Scroll ke bawah untuk melanjutkan membaca

Komisioner KPAI Diyah Puspitarini mengatakan lembaganya kerap menangani daycare bermasalah seperti Little Aresha. Dia berujar daycare-daycare yang tidak memiliki izin operasional itu lebih mengedepankan urusan bisnis semata.

"Mereka beroperasi untuk orientasi bisnis saja dengan tidak mengindahkan aturan apalagi izin pendirian," ujar dia ketika dihubungi pada Ahad, 26 April 2026.

Dia menilai daycare bermasalah yang ilegal itu acap mengabaikan lingkungan sekitar dengan tidak melakukan izin ke tokoh masyarakat ataupun perangkat desa. Padahal, Diyah menjelaskan pendirian daycare diwajibkan mendapat izin dari dinas pendidikan setempat serta pemerintah daerah.

"Aturan sudah ada, tetapi pengawasan yang bisa dilakukan oleh pemerintah mungkin masih lemah dan seolah menunggu saja, tidak pro aktif," ucapnya.

Dia menyatakan daycare yang memiliki izin kecil kemungkinan melakukan kekerasan atau tindakan melanggar hukum. Sebab, Diyah mengatakan daycare yang sudah mengantongi izin akan mendapat pembinaan, pengawasan, serta supervisi dari pemerintah daerah.

Selain itu, dia mengatakan pola penganiayaan yang diduga terjadi di Daycare Little Aresha Yogyakarta ini bersifat tersistematis. Menurut dia, ada semacam standar operasional prosedur yang diberlakukan ke anak-anak di jam tertentu mendapat perlakuan kaki atau tangan diikat.

Orang tua, kata Diyah, juga dilarang melihat langsung pola pengasuhan anak-anak di jam-jam tertentu. "Serta dilakukan masif oleh pengasuh, maka seolah sudah ada instruksi demikian (melakukan kekerasan)," ucapnya.

Diyah mendesak pemerintah dan aparat penegak hukum menelusuri secara menyeluruh peristiwa dugaan penganiyaan di daycare, khususnya ke pimpinan dan pemilik yayasan. Dia juga berharap Pemerintah Kota Yogyakarta mengevaluasi seluruh daycare di wilayah tersebut dengan mendata perizinan.

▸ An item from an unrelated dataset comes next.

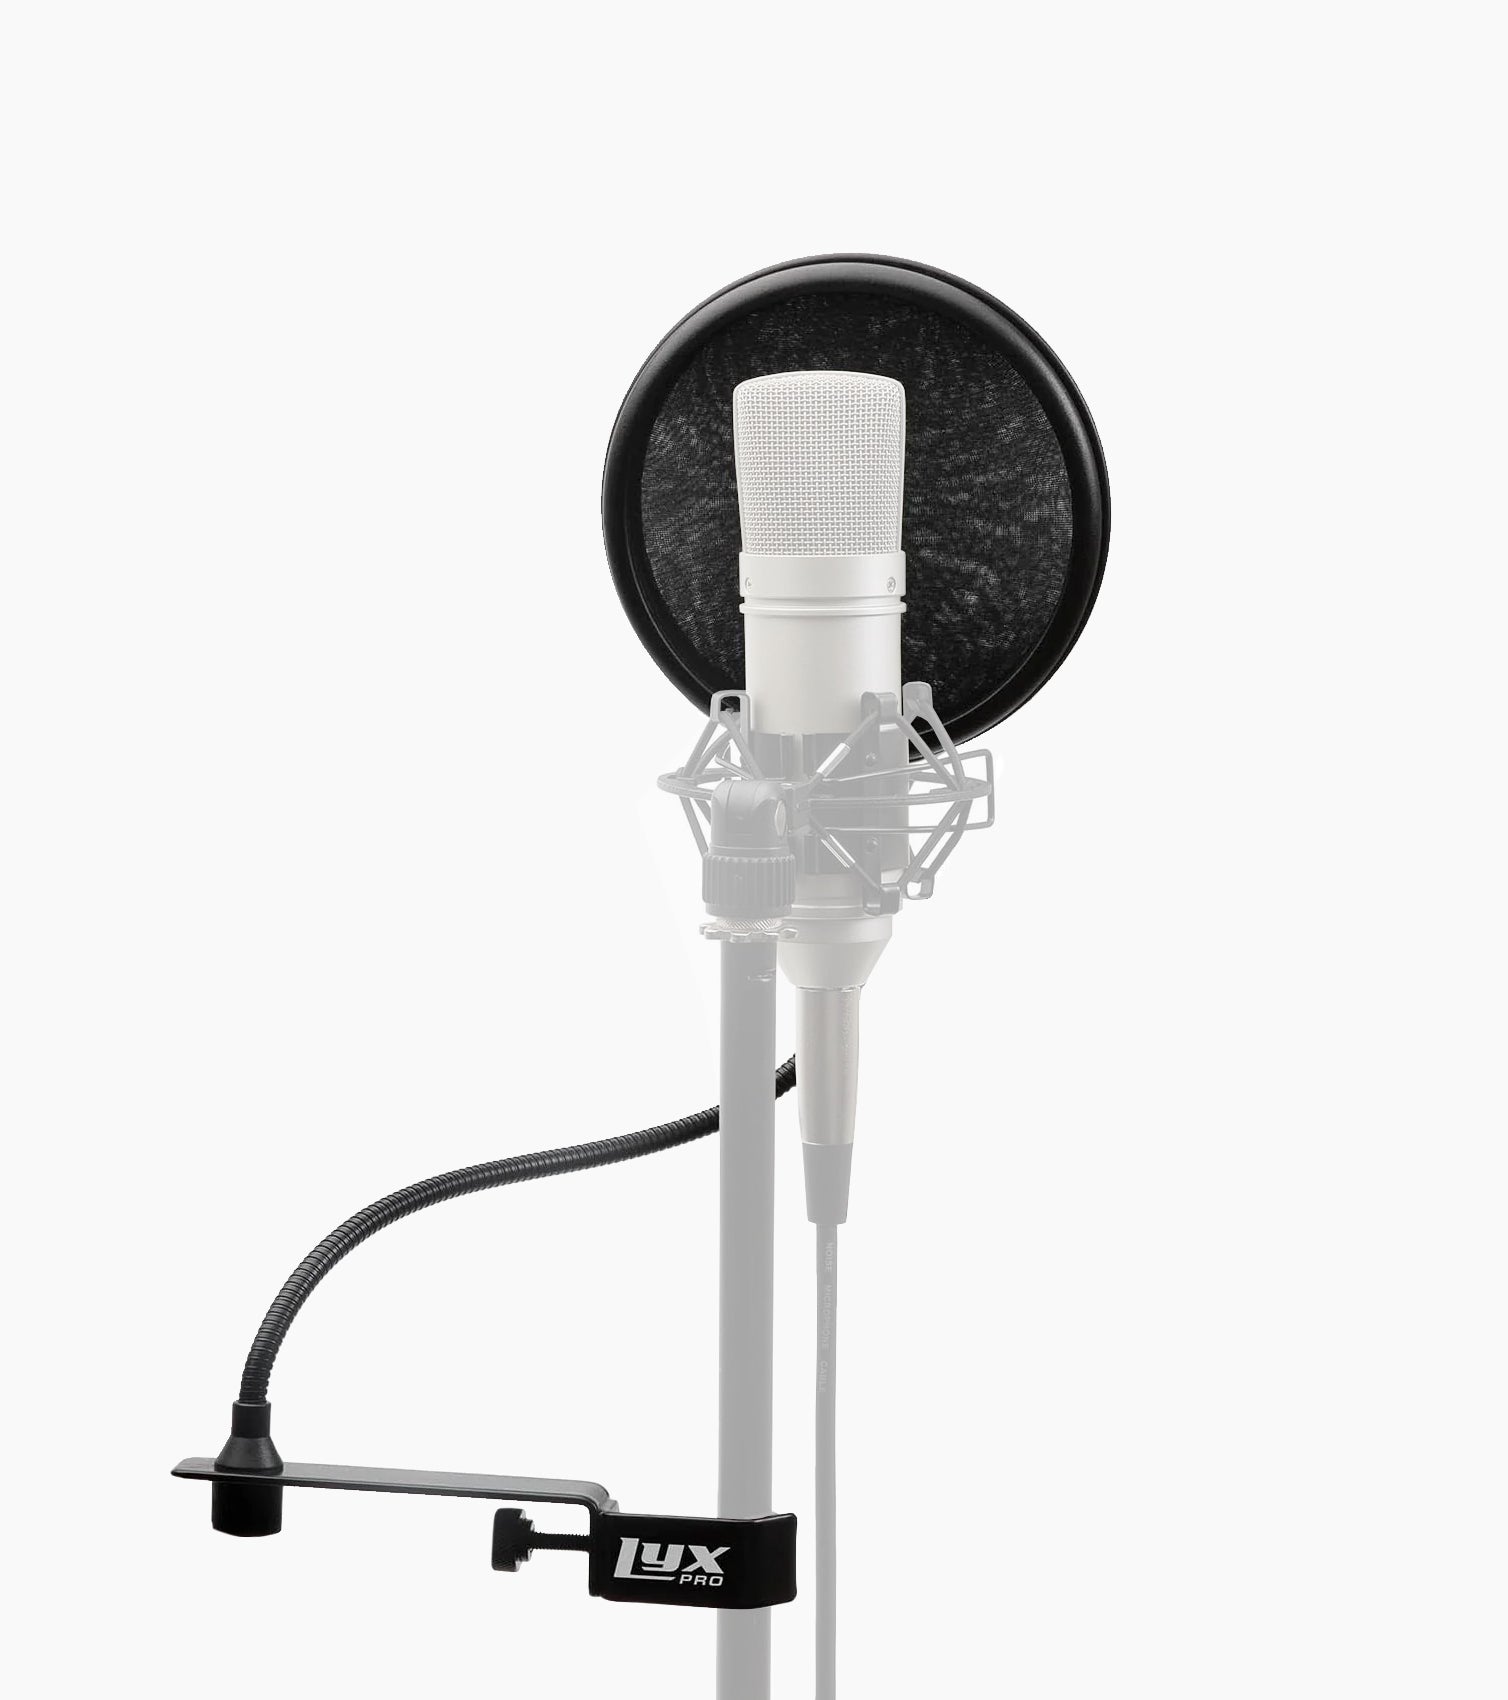  microphone pop filter with flexible gooseneck mounted on mic stand

"Tentu saja KPAI juga berharap agar Daycare Little Aresha ini ditutup permanen," ujar Diyah.

Wali Kota Yogyakarta Hasto Wardoyo menuturkan daycare bernama Little Aresha itu beroperasi secara ilegal. "Tanpa izin TPA (tempat penitipan anak), PAUD, maupun TK," kata dia.

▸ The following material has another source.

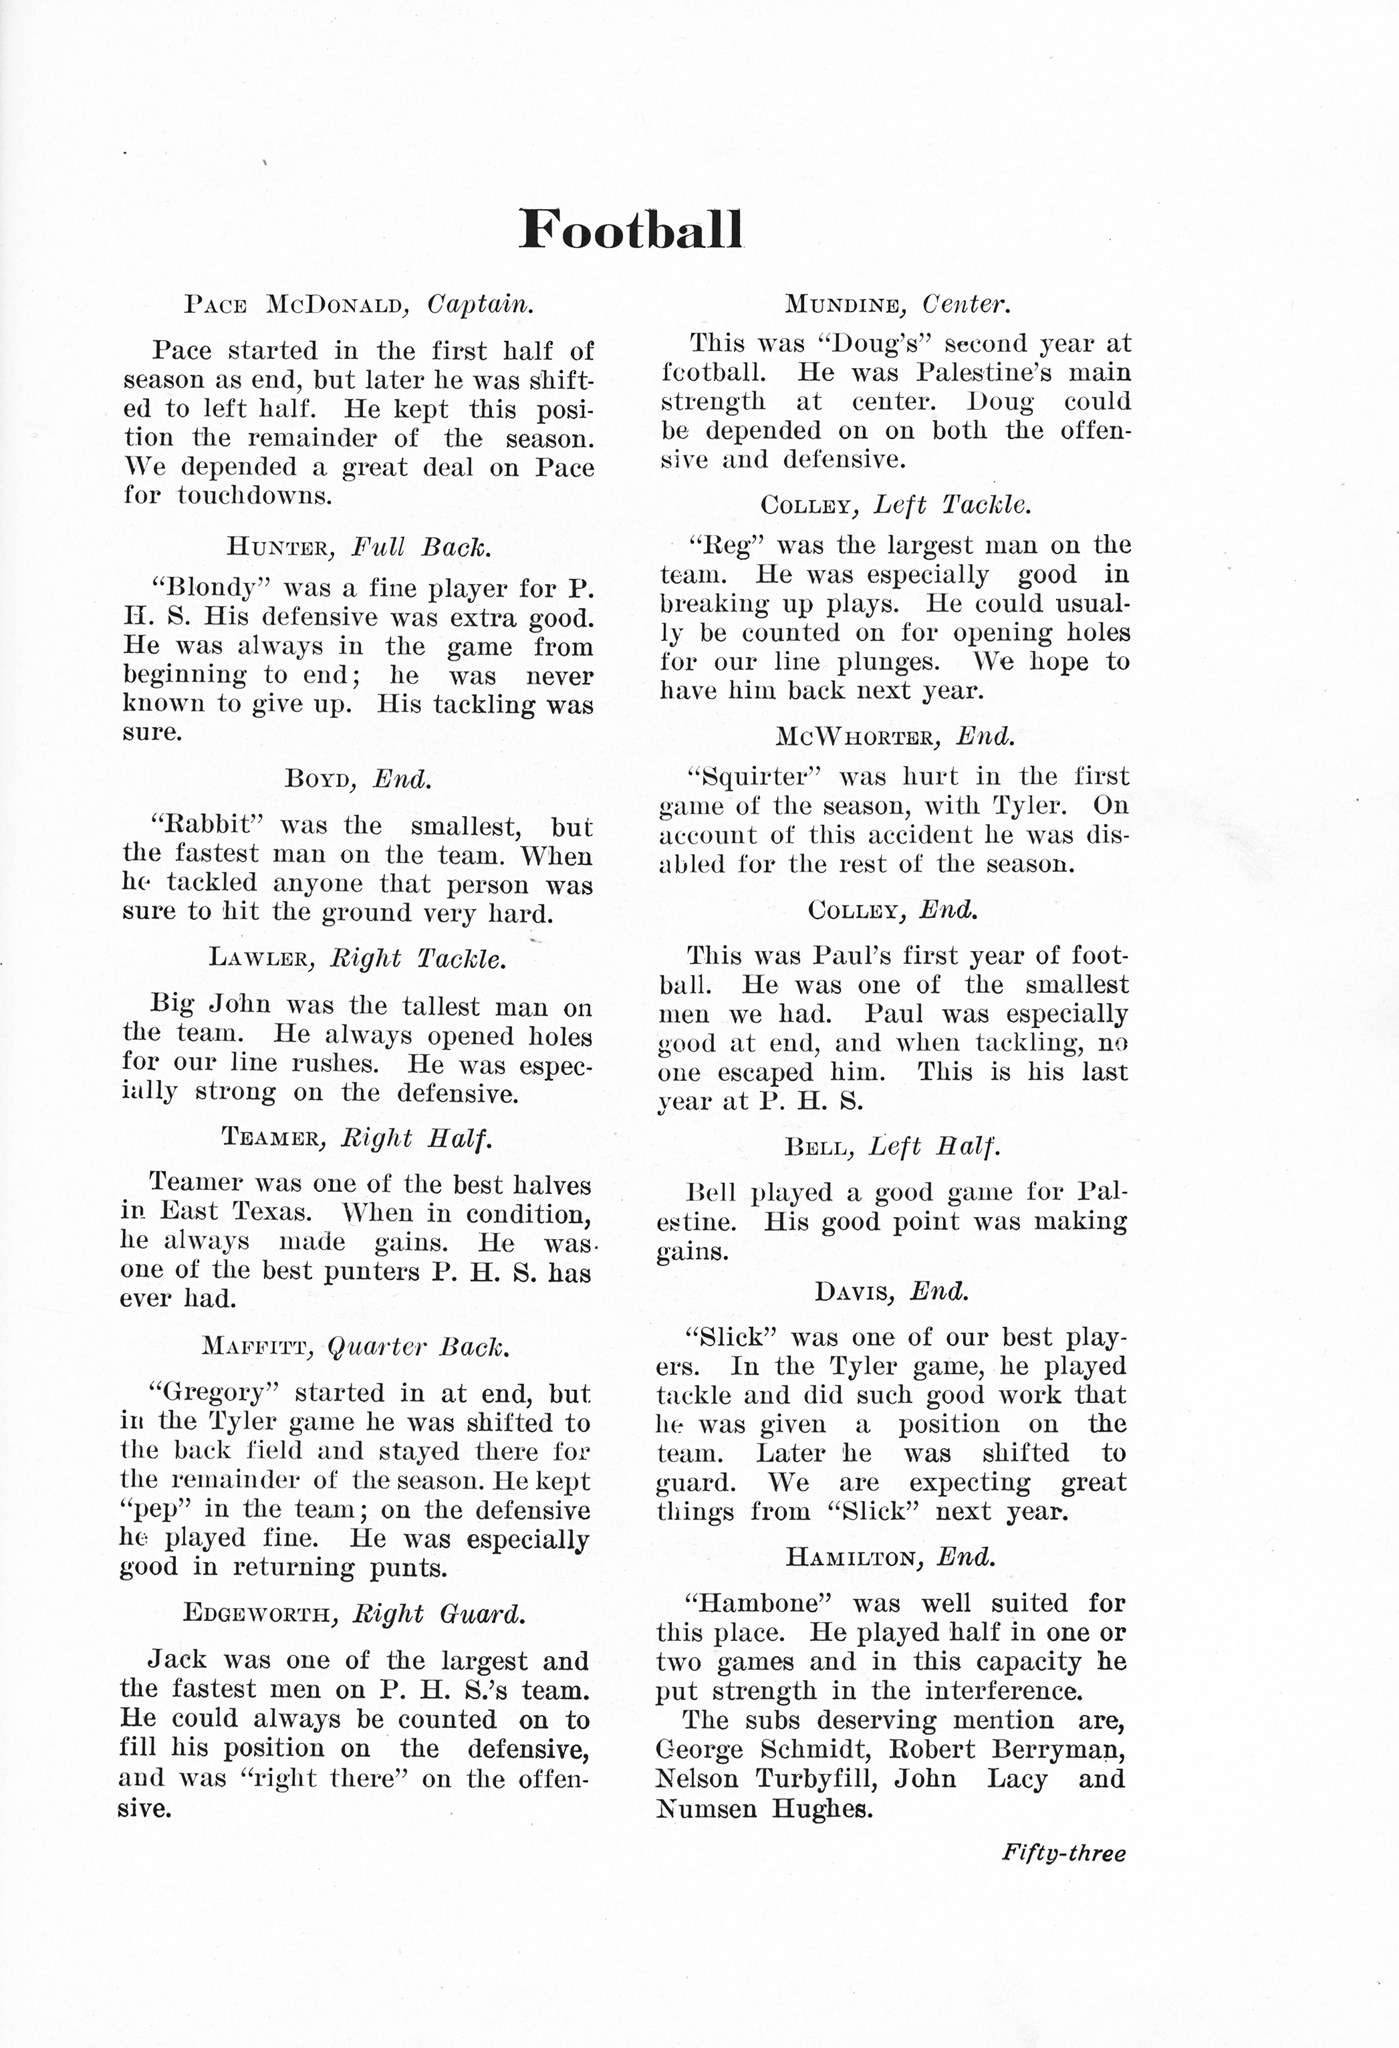 ../../../Images/Large/1917/Arclight-1917-pg0053.jpg

Hasto menegaskan bahwa ketiadaan izin membuat pemerintah kecolongan dalam memverifikasi standar operasional pengasuhan, dapur, hingga fasilitas sanitasi.

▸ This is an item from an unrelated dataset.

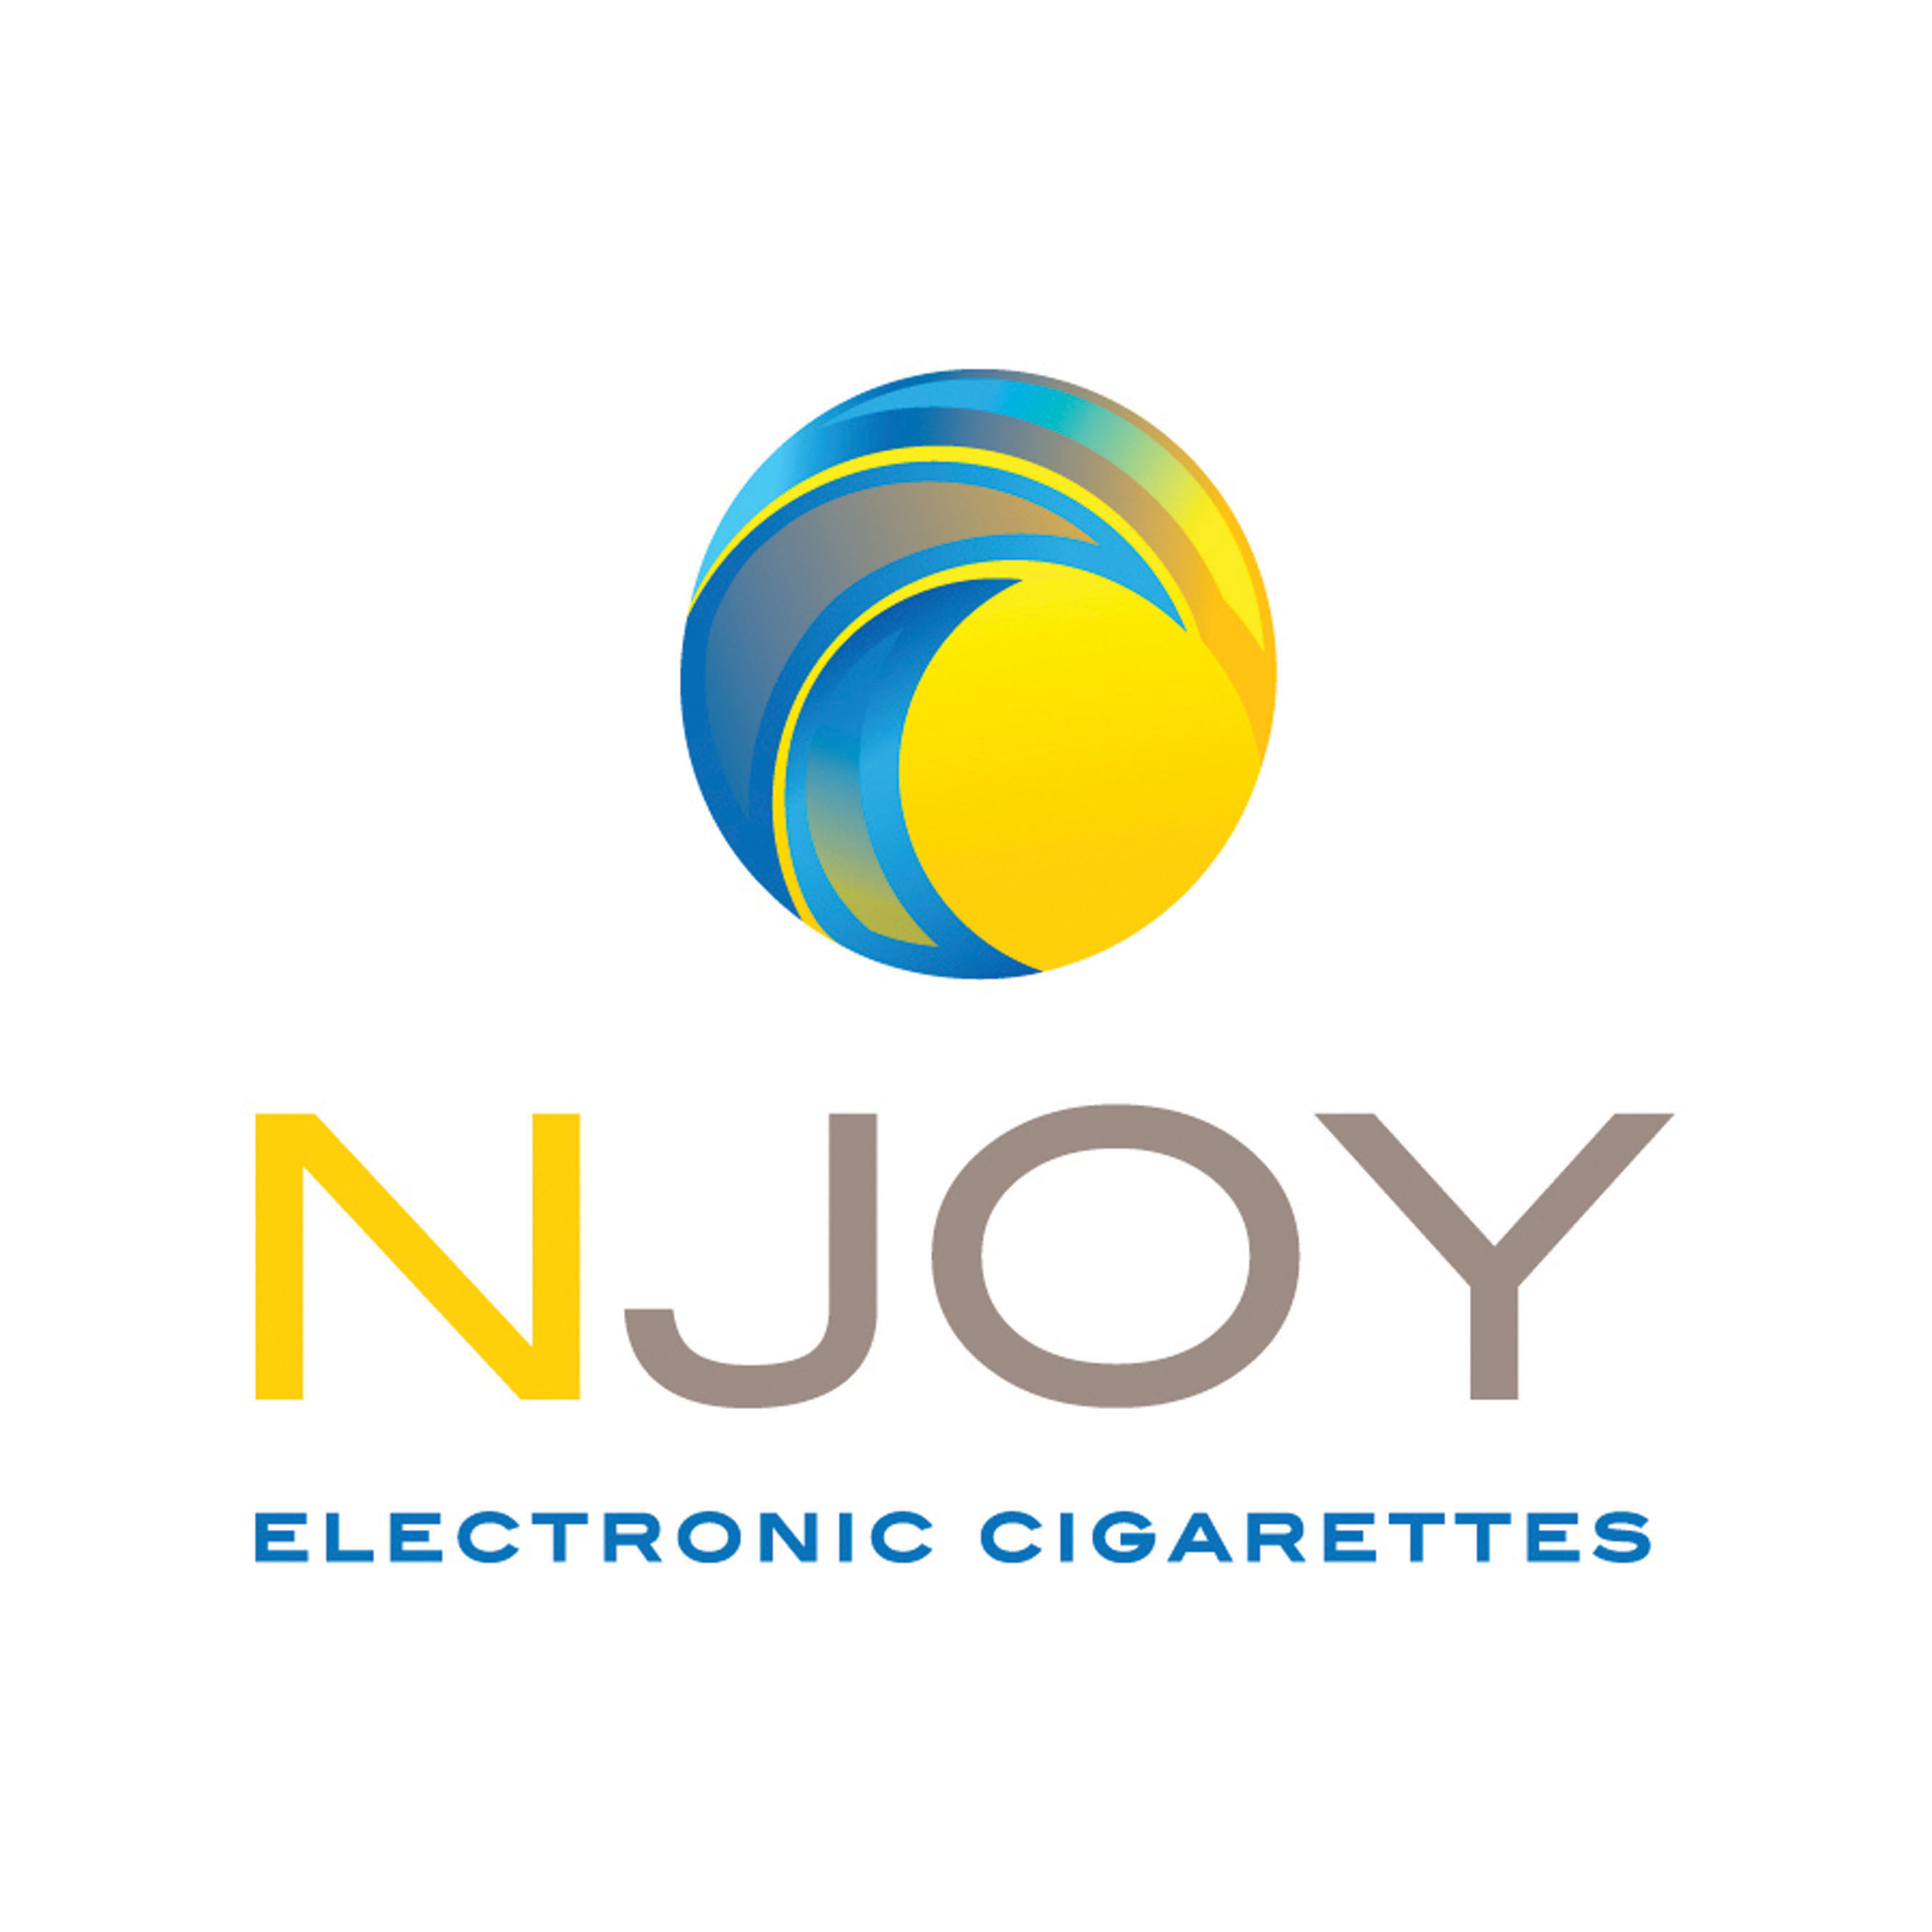 NJOY Electronic Cigarettes Receives $20 Million Investment from Leading ...

Sebagai tindak lanjut, Pemerintah Kota Yogyakarta akan segera melakukan penyisiran massal terhadap seluruh lembaga penitipan anak guna memastikan keamanan serta legalitas layanan yang diberikan kepada masyarakat.

Polresta Yogyakarta telah menetapkan 13 orang tersangka yang terdiri dari satu kepala yayasan, satu kepala sekolah, dan sebelas pengasuh. 

Kapolresta Yogyakarta, Komisaris Besar Polisi Eva Guna Pandia, menjelaskan para tersangka dijerat dengan undang-undang perlindungan anak atas dugaan penelantaran dan perlakuan salah yang diskriminatif. 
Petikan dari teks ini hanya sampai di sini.